Actually yes, it's still quite unlikely. If you formalize your thesis here and actually do the calculation, you'll see that the chance of a fund achieving a consistently annual average 70%+ return over 20+ years is overwhelmingly unlikely to emerge with the number of funds that existed in the same time period.
"Survivorship bias" is a meme that is commonly thrown out, but to date no one I've challenged on it has empirically demonstrated that this accounts for the emergence of ultra-successful funds. Model this out a bit - what is your single unit of trading to judge and what is your time interval? How many other participants are there in the same interval, and how is each unit judged? You can't just judge on an annual basis - no firm has an actual 50% chance of beating the market each year. Funds like Renaissance make hundreds to thousands of trades each day. Moreover, different firms have different chances of beating the market each year.
Basically, I want you to rigorously formalize how a firm like Renaissance maps to monkeys throwing darts at the wall, because as much as people like to use these analogies (coin flipping, etc), they're never empirical. How do you account for a firm that beats the market by an overwhelming margin for 2 - 3 decades and never having a return poorer than the market (and in fact only rarely being down per quarter or month).
That was a misnomer, you're right. But that doesn't meaningfully impact my point. An average annual 70% return, some years greater (notably, 2008) and some years lesser, but only a very small number of down quarters or months in the same time frame.
Don't forget to include the preceding 30% drop which reduces both the total returns directly and rate of return as the fund operated over a longer period.
Further, they stopped publishing returns suggesting an even lower long term average.
So, you are looking at a biased subset of a funds returns not total returns which greatly shifts the probability's.
"Survivorship bias" is a meme that is commonly thrown out, but to date no one I've challenged on it has empirically demonstrated that this accounts for the emergence of ultra-successful funds. Model this out a bit - what is your single unit of trading to judge and what is your time interval? How many other participants are there in the same interval, and how is each unit judged?
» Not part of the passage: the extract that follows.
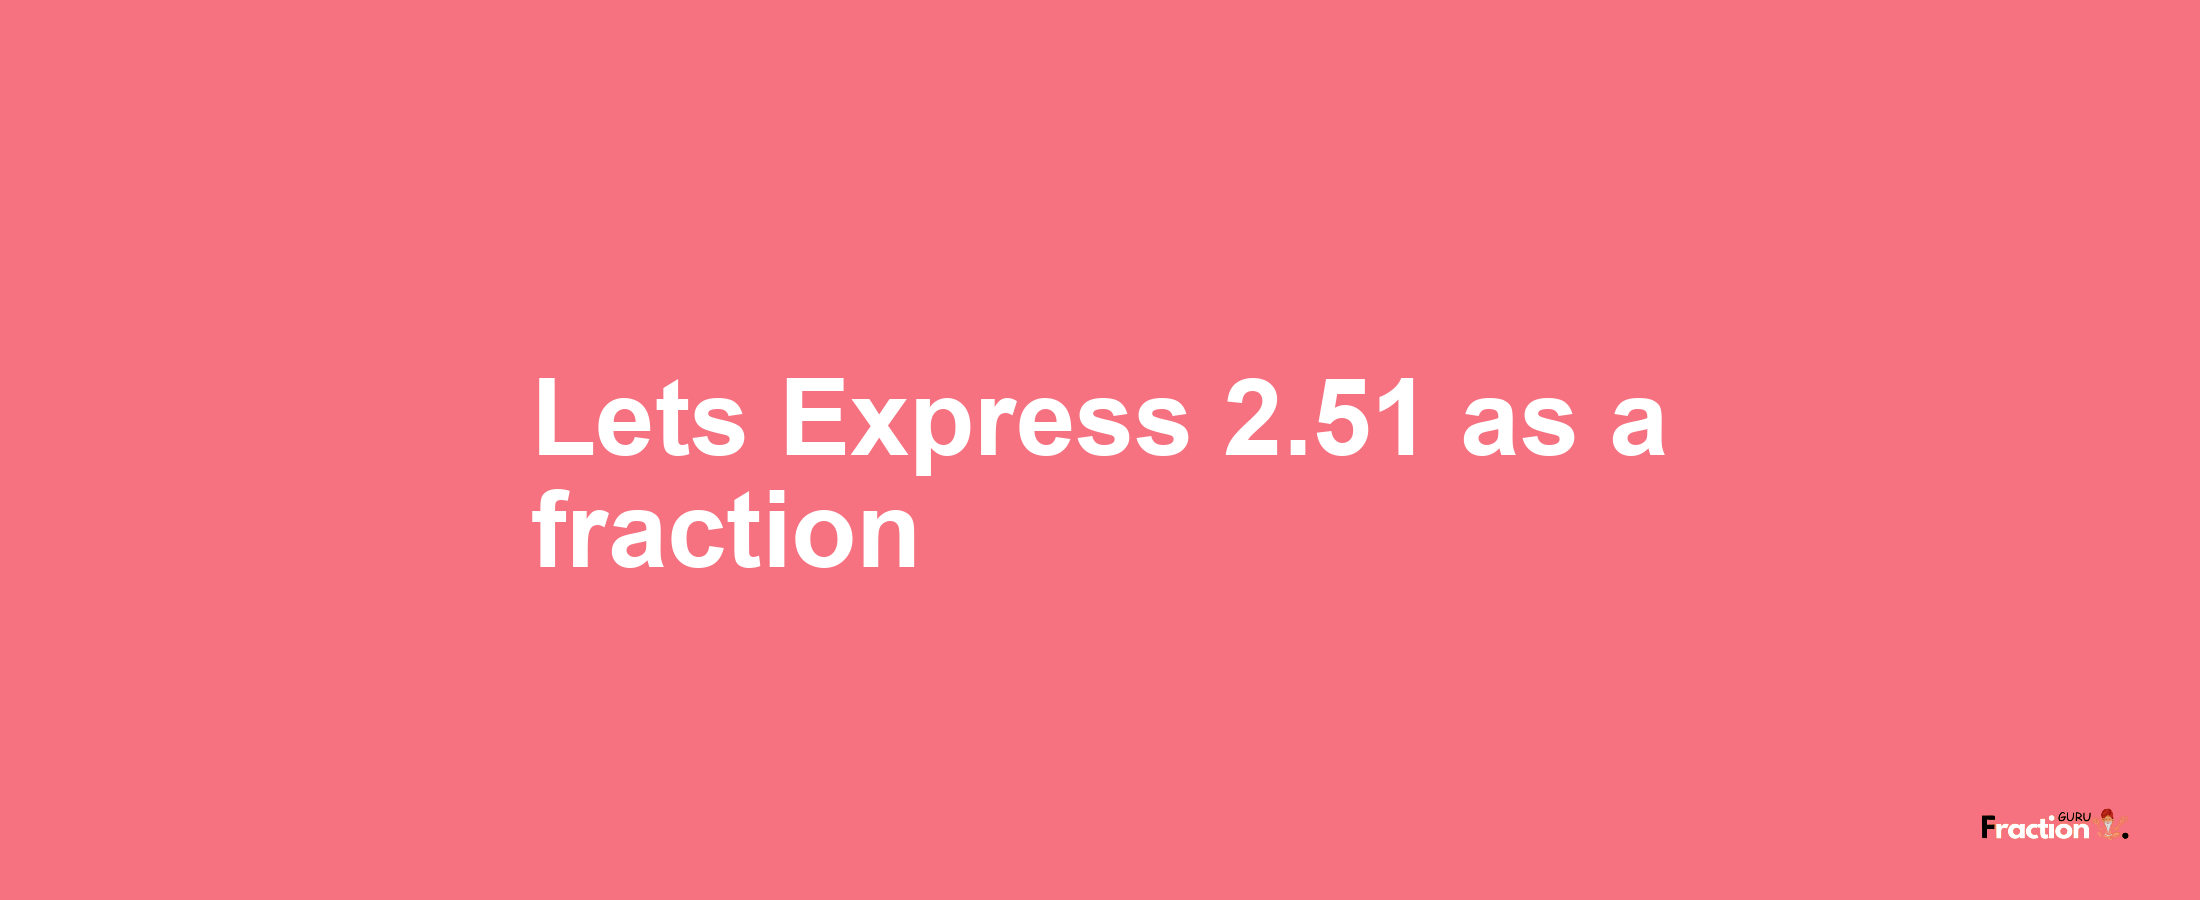 Lets Express 2.51 as afraction

You can't just judge on an annual basis - no firm has an actual 50% chance of beating the market each year. Funds like Renaissance make hundreds to thousands of trades each day. Moreover, different firms have different chances of beating the market each year.
Basically, I want you to rigorously formalize how a firm like Renaissance maps to monkeys throwing darts at the wall, because as much as people like to use these analogies (coin flipping, etc), they're never empirical. How do you account for a firm that beats the market by an overwhelming margin for 2 - 3 decades and never having a return poorer than the market (and in fact only rarely being down per quarter or month).